• TASK BRIEF
A verbatim copy of the listing is needed; pictures are to be left out.

• RECORDED DATA
- - - -

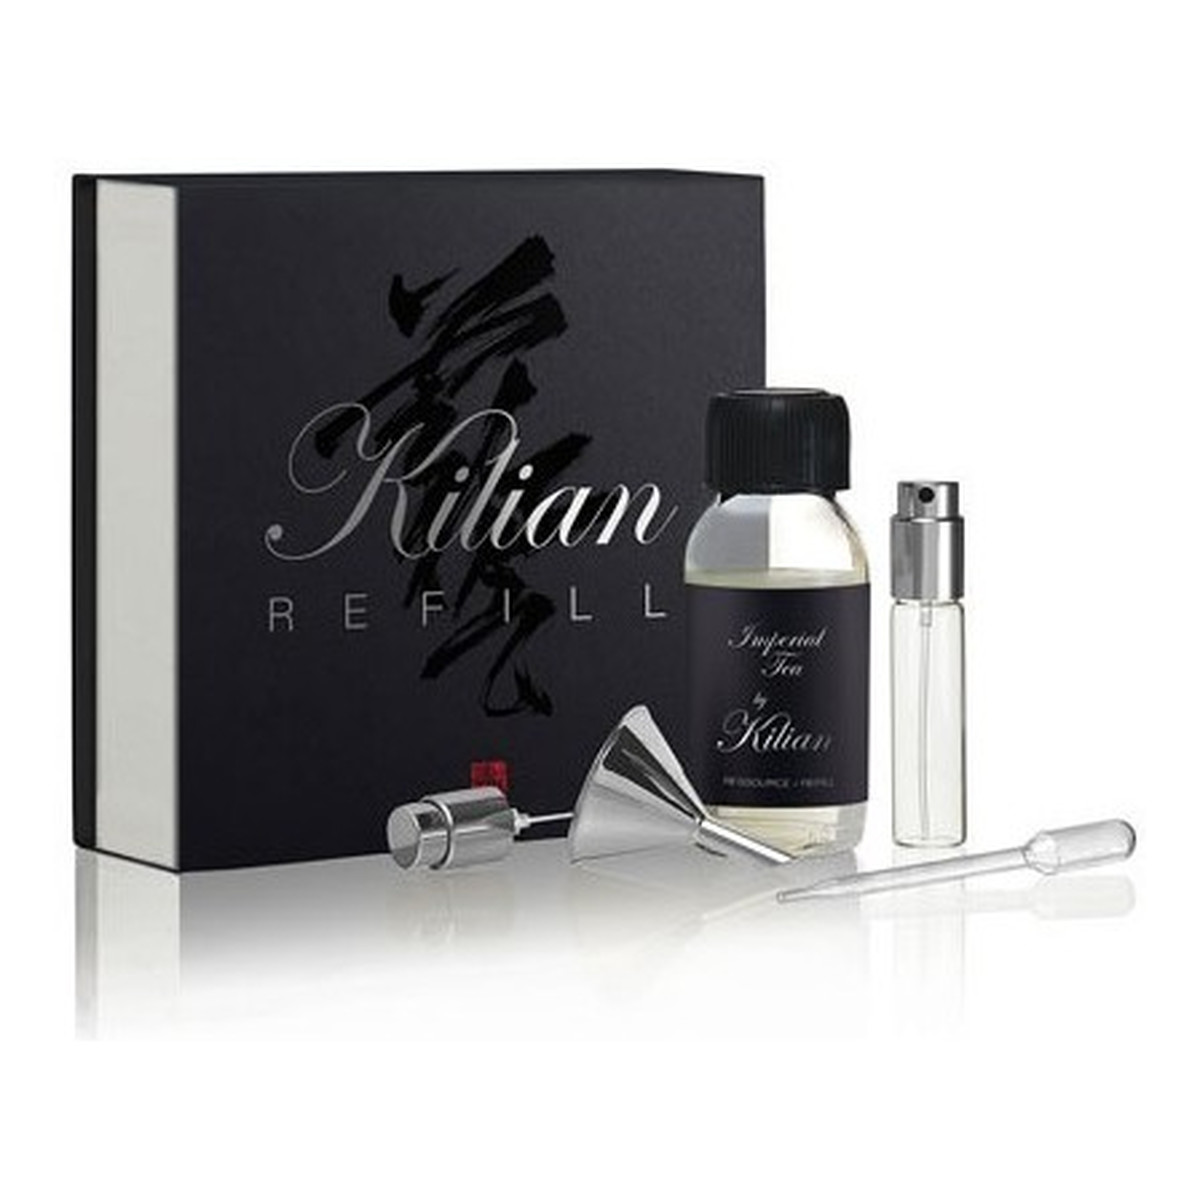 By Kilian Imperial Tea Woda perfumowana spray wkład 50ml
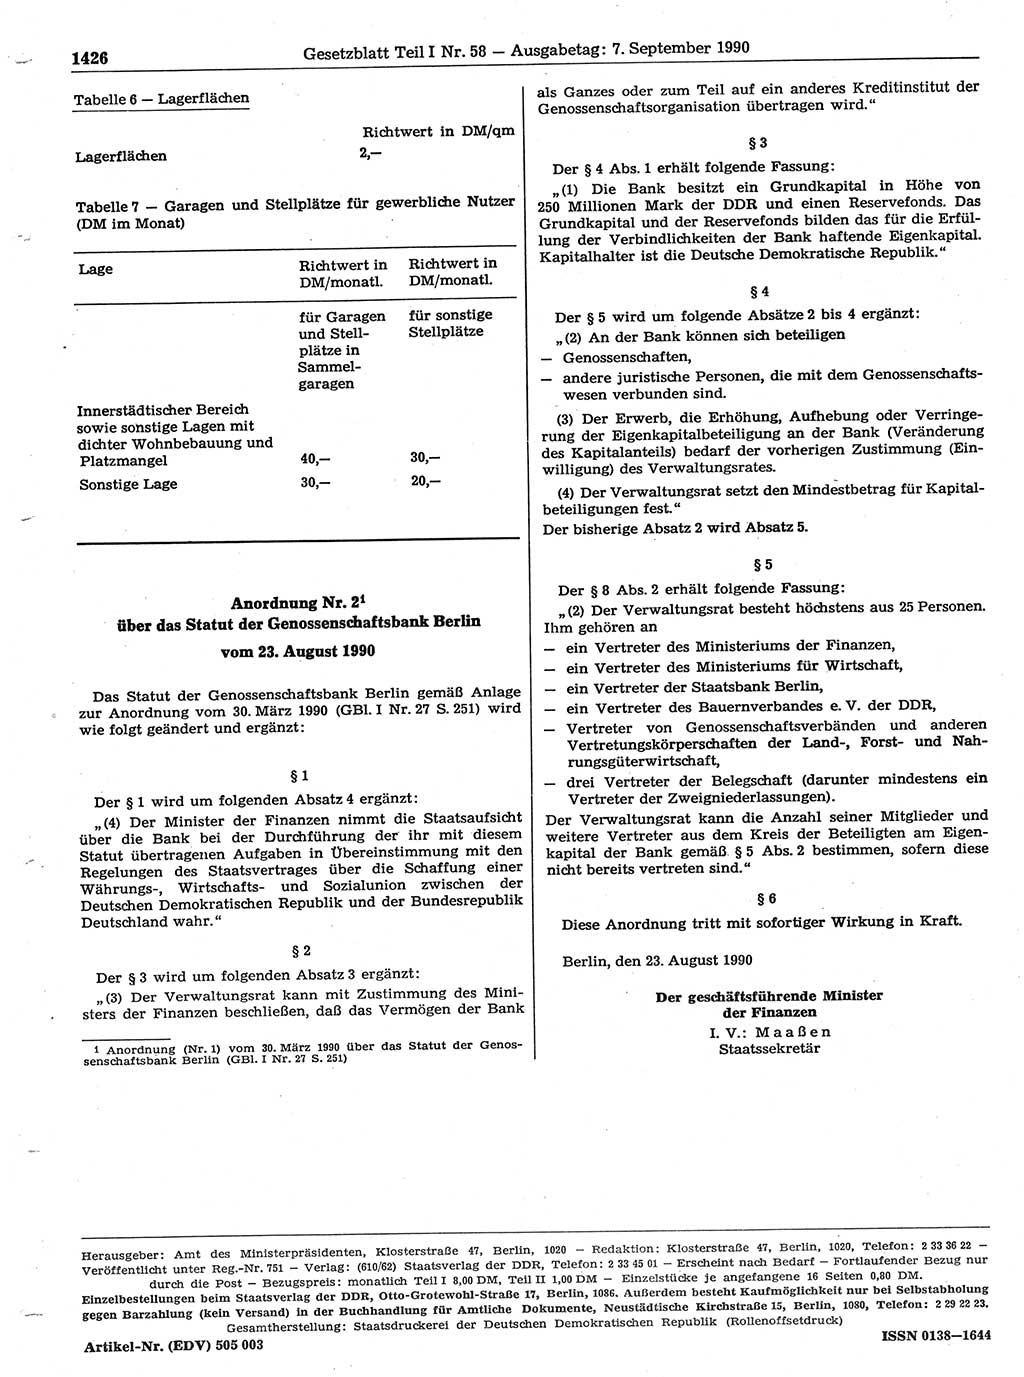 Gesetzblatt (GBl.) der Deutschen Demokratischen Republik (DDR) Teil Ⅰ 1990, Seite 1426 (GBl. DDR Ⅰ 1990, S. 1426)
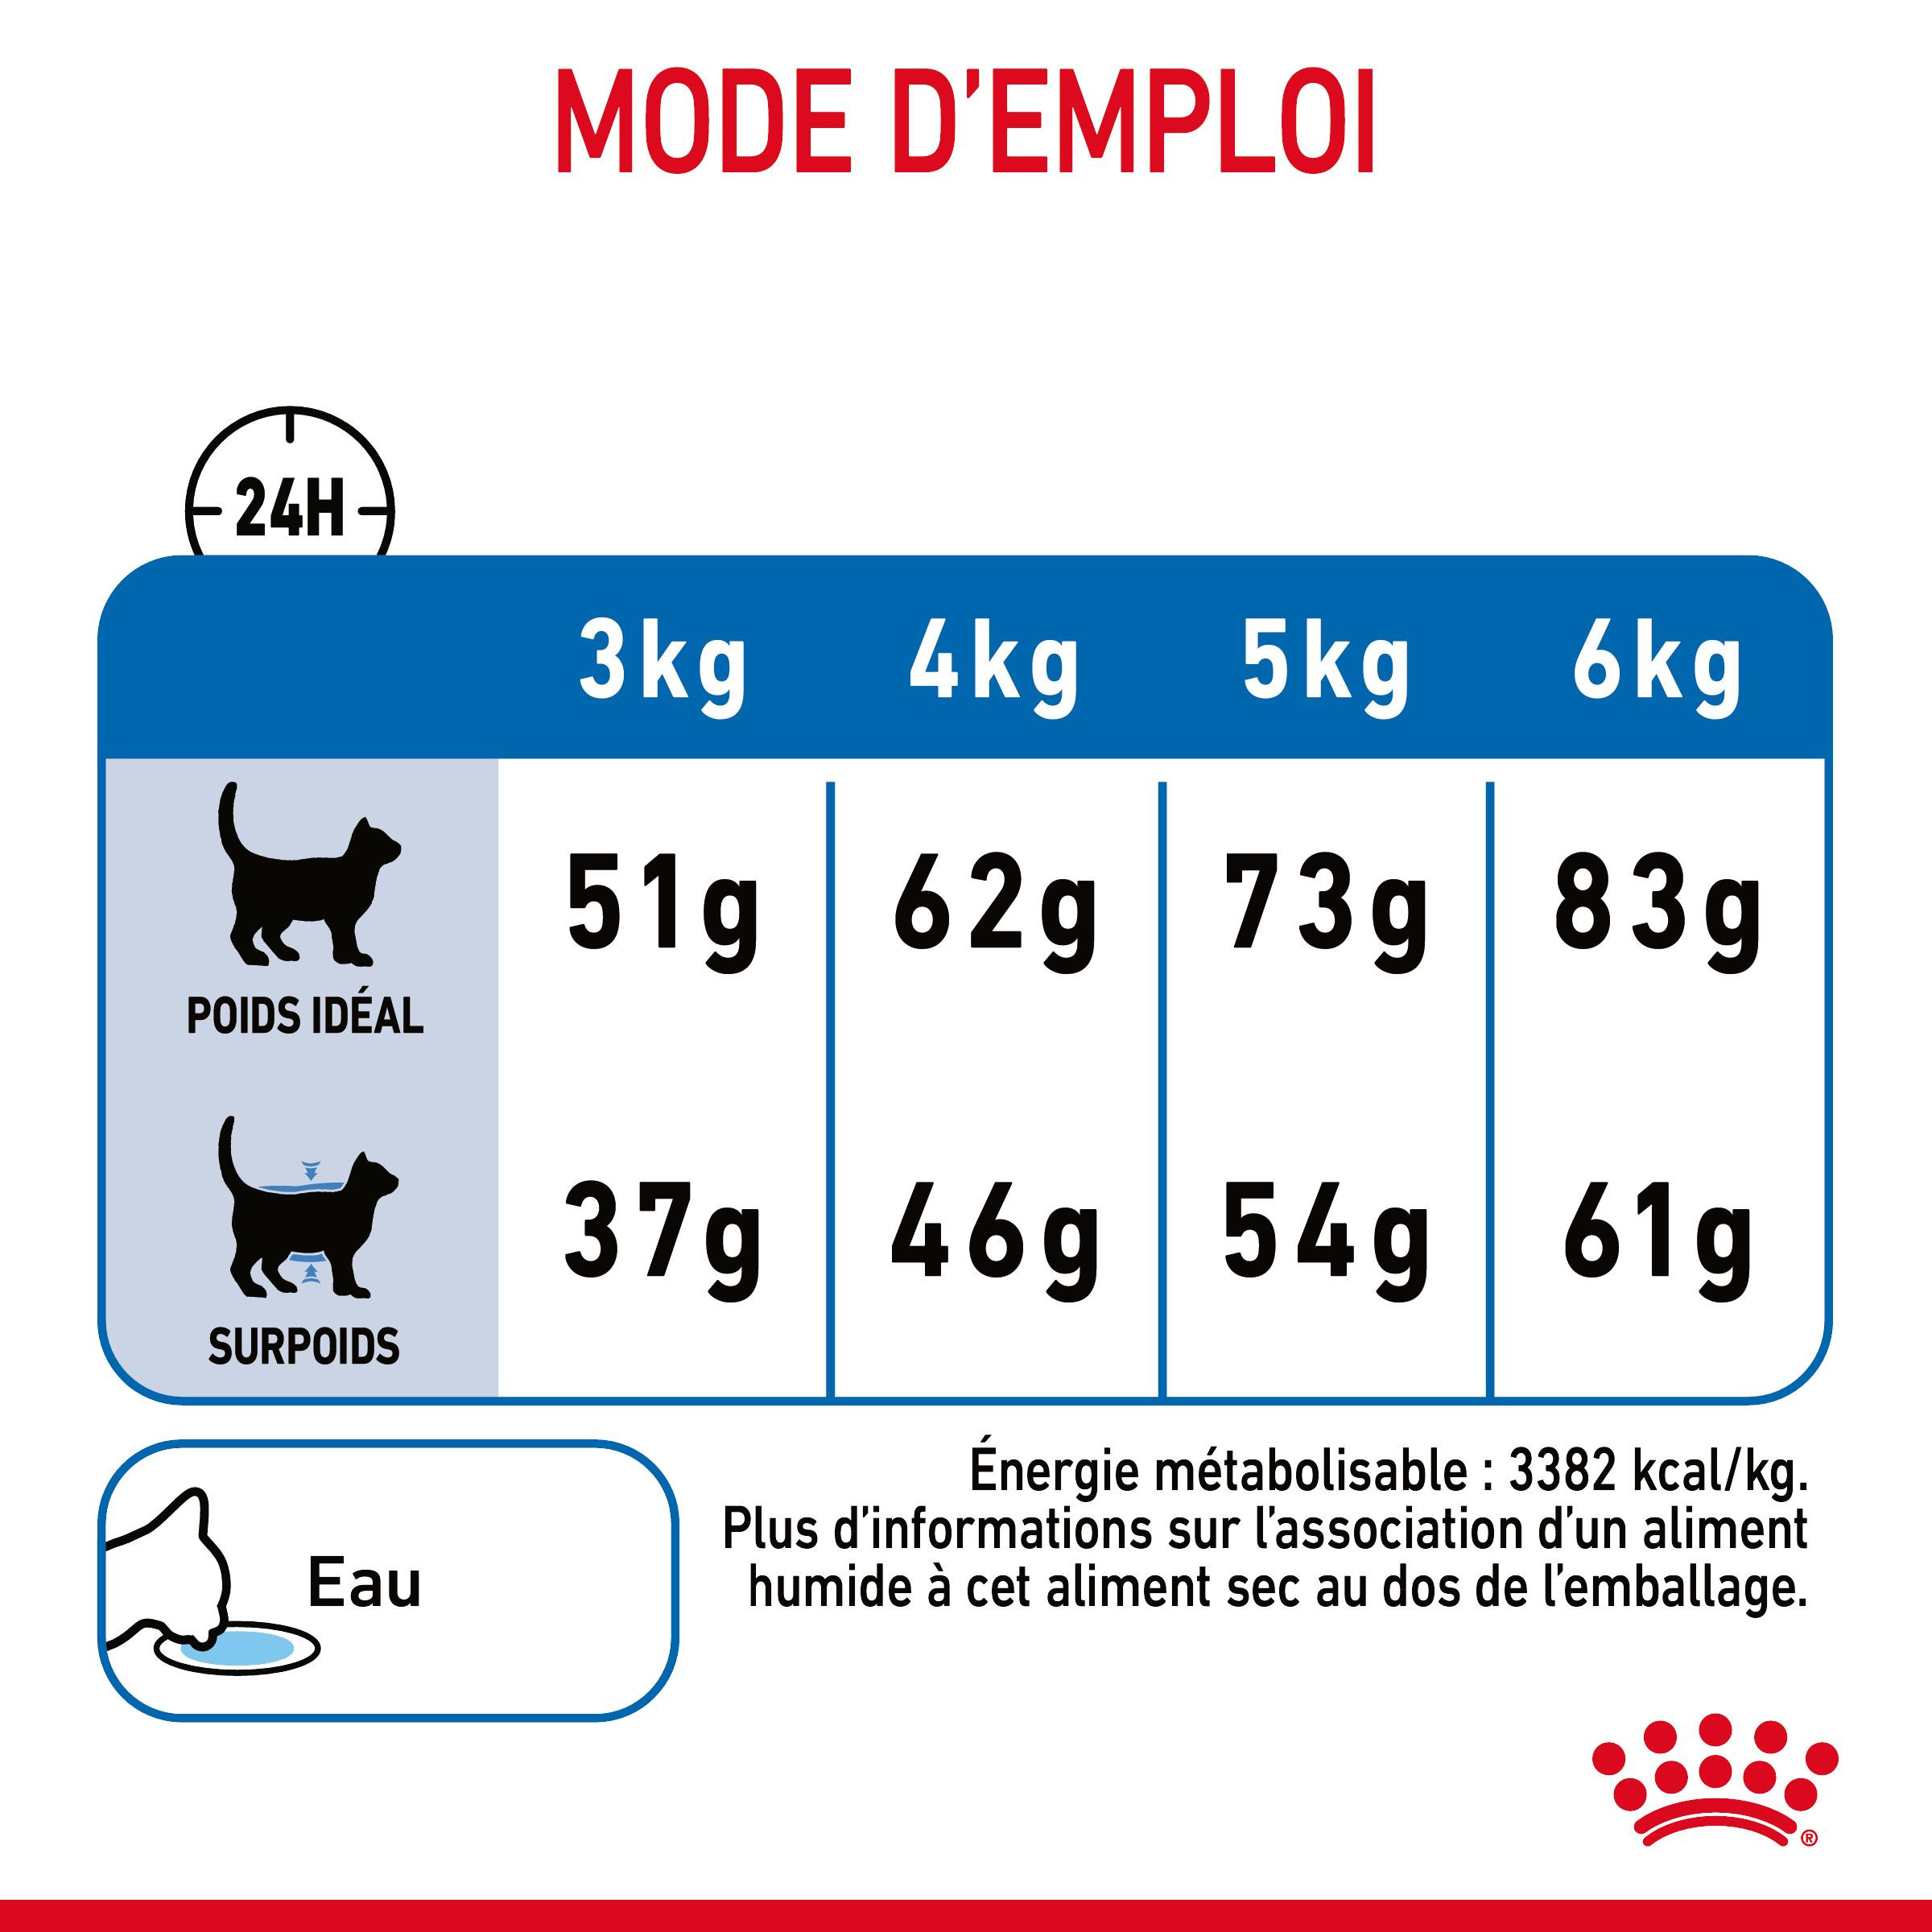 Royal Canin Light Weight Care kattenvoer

- - - -

• EXPECTED OUTPUT
 By Kilian Imperial Tea Woda perfumowana spray wkład 50ml
 Gesetzblatt (GBl.) der Deutschen Demokratischen Republik (DDR) Teil Ⅰ 1990, Seite 1426 (GBl. DDR Ⅰ 1990, S. 1426)
 Royal Canin Light Weight Care kattenvoer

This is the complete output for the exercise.